Synthesis and Anticancer Activity Assessment of Zelkovamycin Analogues
Xinrong Xie,
Hongshun Huang,
Yogini S. Jaiswal,
Shaoyang Su,
Linxia Yang,
Yu Fan,
Yifu Guan,
Leonard L. Williams,
Hedong Bian
Affiliations
Xinrong Xie
Key Laboratory of Chemistry and Engineering of Forest Products (State Ethnic Affairs Commission), Guangxi Collaborative Innovation Center for Chemistry and Engineering of Forest Products, School of Chemistry and Chemical Engineering, Guangxi Minzu University, Nanning 530006, China
Hongshun Huang
Key Laboratory of Chemistry and Engineering of Forest Products (State Ethnic Affairs Commission), Guangxi Collaborative Innovation Center for Chemistry and Engineering of Forest Products, School of Chemistry and Chemical Engineering, Guangxi Minzu University, Nanning 530006, China
Yogini S. Jaiswal
Center for Excellence in Post Harvest Technologies, North Carolina Agricultural and Technical State University, The North Carolina Research Campus, Kannapolis, NC 28081, USA
Shaoyang Su
Department of Applied Chemistry Teaching and Research, Guangxi Vocational University of Agriculture, Nanning 530007, China
Linxia Yang
Key Laboratory of Chemistry and Engineering of Forest Products (State Ethnic Affairs Commission), Guangxi Collaborative Innovation Center for Chemistry and Engineering of Forest Products, School of Chemistry and Chemical Engineering, Guangxi Minzu University, Nanning 530006, China
Yu Fan
Key Laboratory of Chemistry and Engineering of Forest Products (State Ethnic Affairs Commission), Guangxi Collaborative Innovation Center for Chemistry and Engineering of Forest Products, School of Chemistry and Chemical Engineering, Guangxi Minzu University, Nanning 530006, China
Yifu Guan
Key Laboratory of Chemistry and Engineering of Forest Products (State Ethnic Affairs Commission), Guangxi Collaborative Innovation Center for Chemistry and Engineering of Forest Products, School of Chemistry and Chemical Engineering, Guangxi Minzu University, Nanning 530006, China
Leonard L. Williams
Center for Excellence in Post Harvest Technologies, North Carolina Agricultural and Technical State University, The North Carolina Research Campus, Kannapolis, NC 28081, USA
Hedong Bian
Key Laboratory of Chemistry and Engineering of Forest Products (State Ethnic Affairs Commission), Guangxi Collaborative Innovation Center for Chemistry and Engineering of Forest Products, School of Chemistry and Chemical Engineering, Guangxi Minzu University, Nanning 530006, China
The zelkovamycin family is a class of cyclic octapeptides with potent antibacterial and antiviral activity.
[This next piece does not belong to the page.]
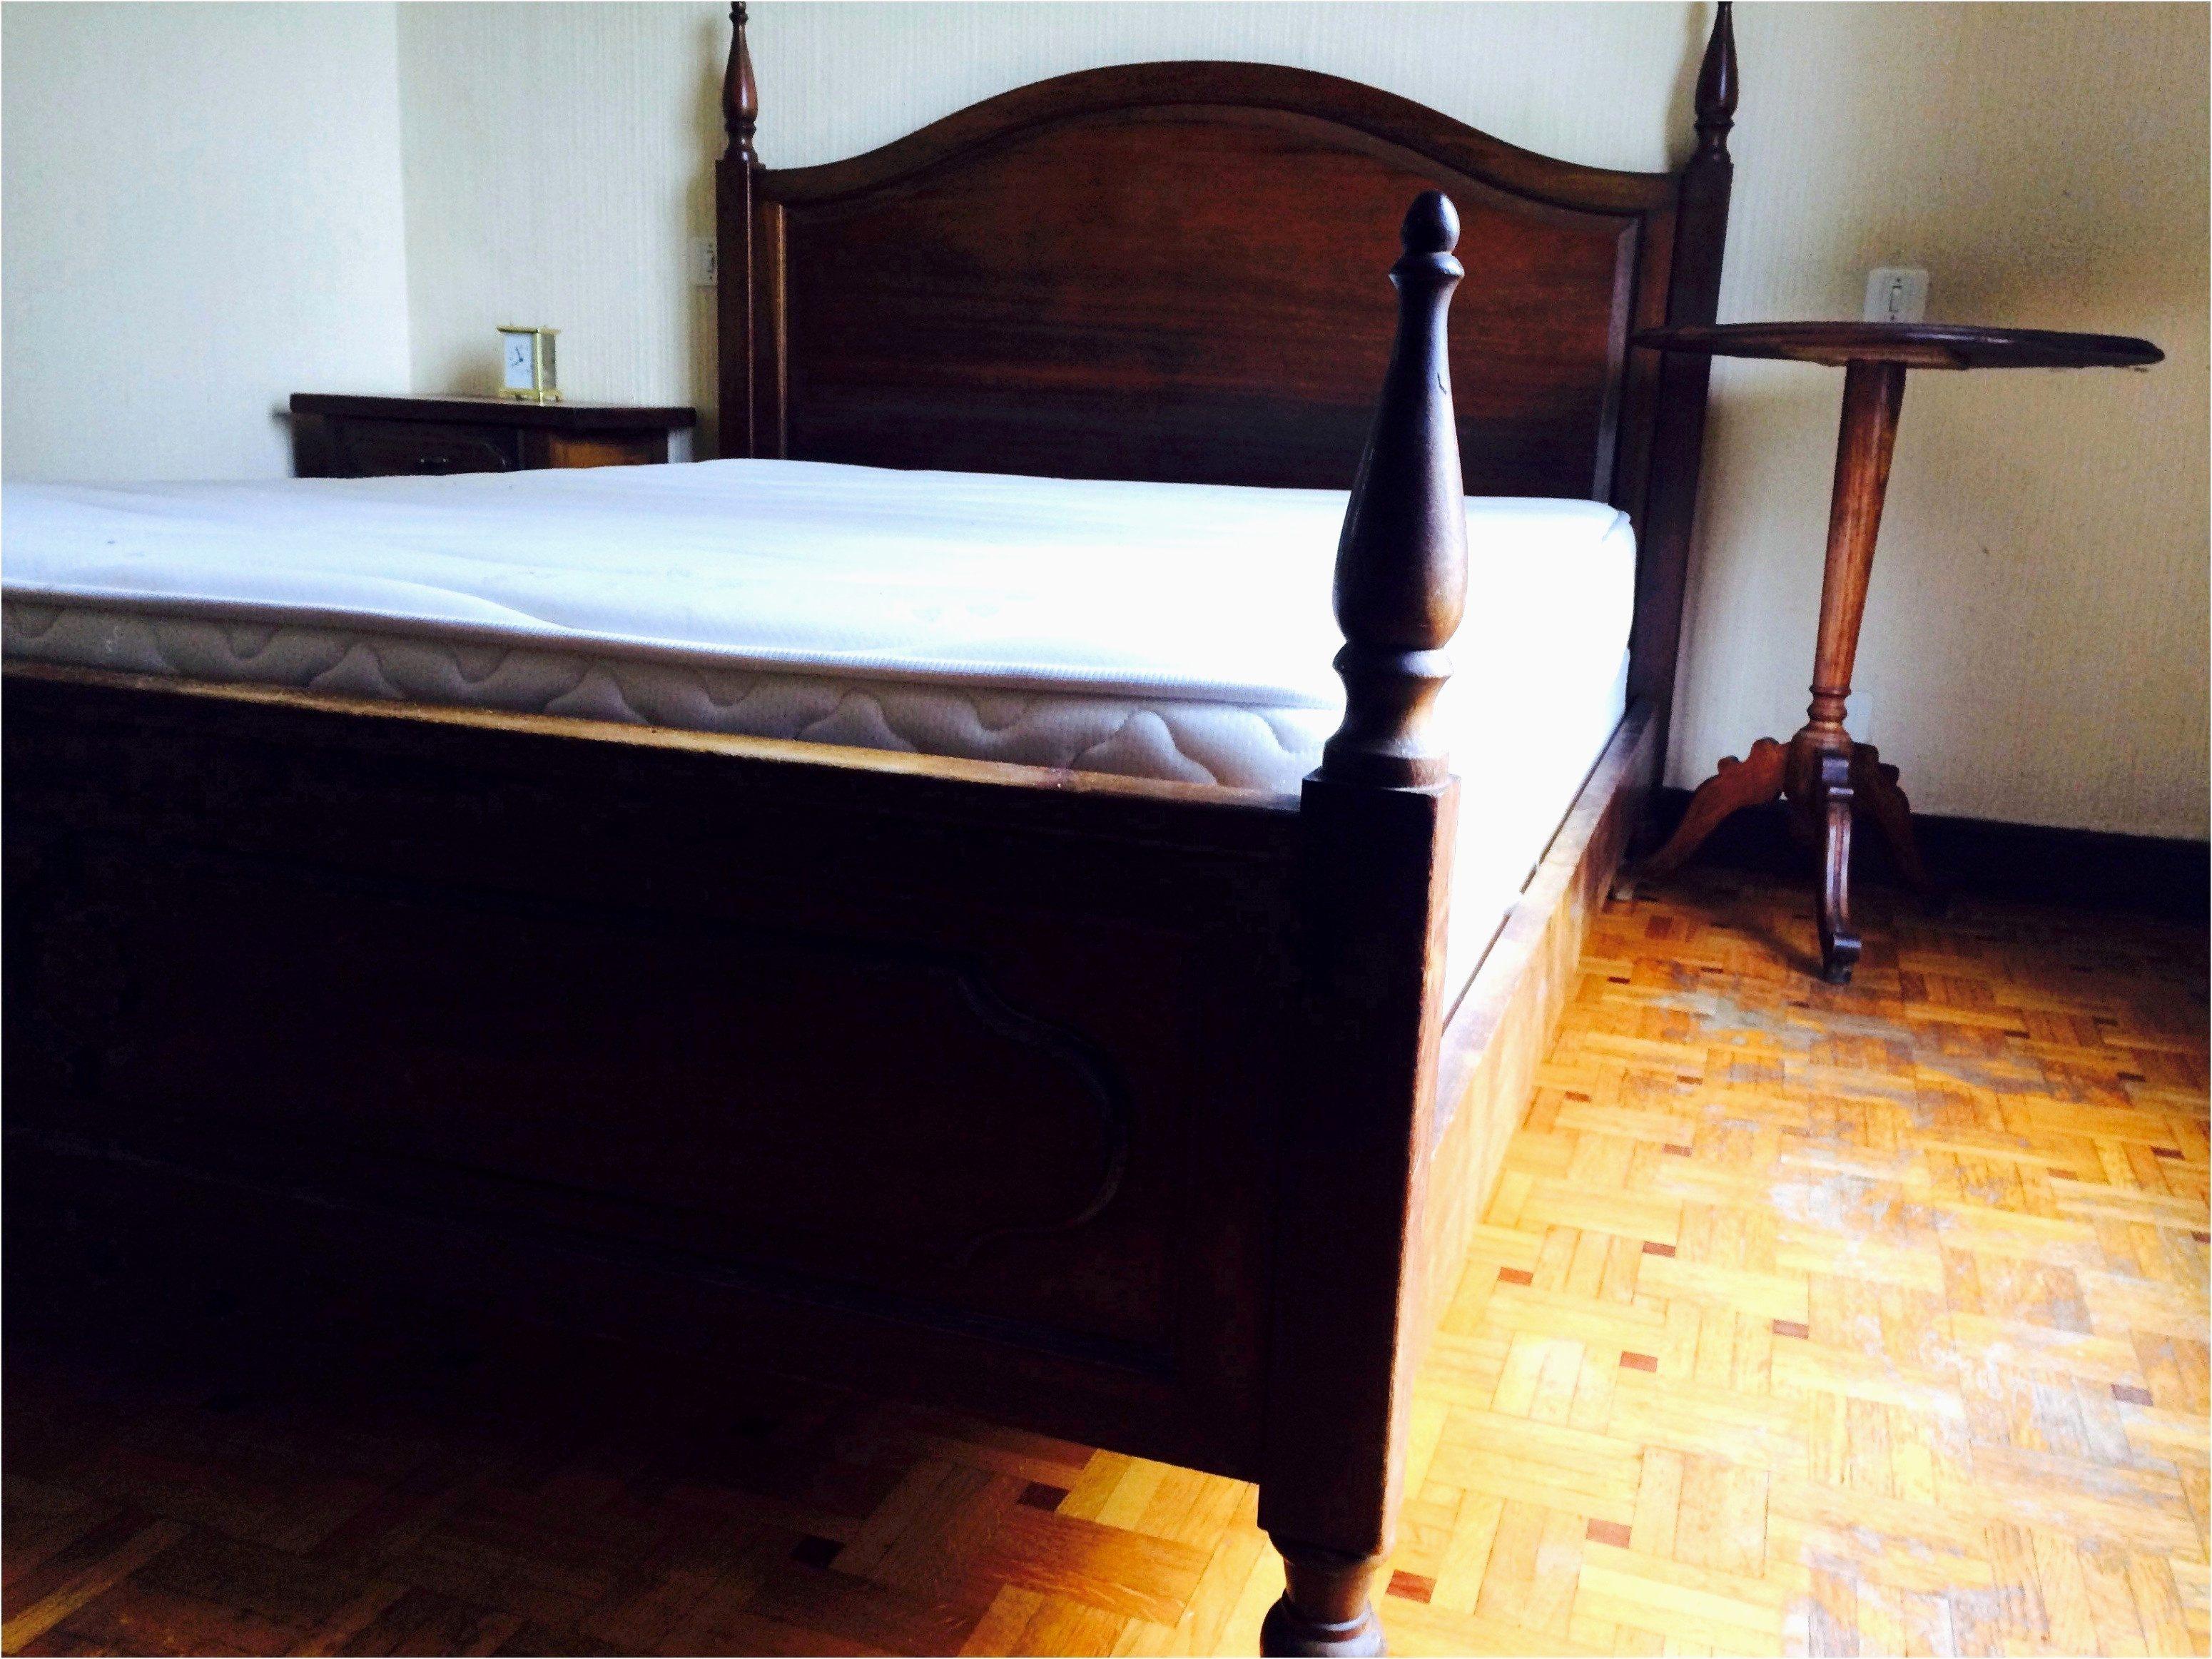 Tete De Lit originale En Bois Beau Tete De Lit Bois 160 sove Lit Sans Tete De Lit — sovedis Aquatabs

Due to their unique chemical structures and excellent bioactivity, zelkovamycins have consistently attracted the interest of synthetic chemists. However, only the total synthesis of zelkovamycin and zelkovamycin G has been reported until now. The current work presents, for the first time, the synthesis of zelkovamycin analogues, along with their anticancer activity assessment. Firstly, the corresponding chain peptide based on the amino acid sequence of zelkovamycin H was synthesized using the Fmoc solid-phase peptide strategy. This was followed by cyclization under high dilution conditions to obtain compound 21, and its structure was elucidated by NMR analysis. The results confirm that compound 21 is not the natural product of zelkovamycin H. We deduced that during the synthesis of peptide 12, the D-Abu residue epimerized to the L-Abu form, leading to the formation of peptide 20, which blocked our efforts during the synthesis of zelkovamycin H. Two more analogues, 22 and 23, were synthesized by changing the structure of amino acid residues using the same strategy. The anticancer activity of analogues 21–23 against Huh-7 cells was evaluated in vitro; however, their IC50 values were >50 μM.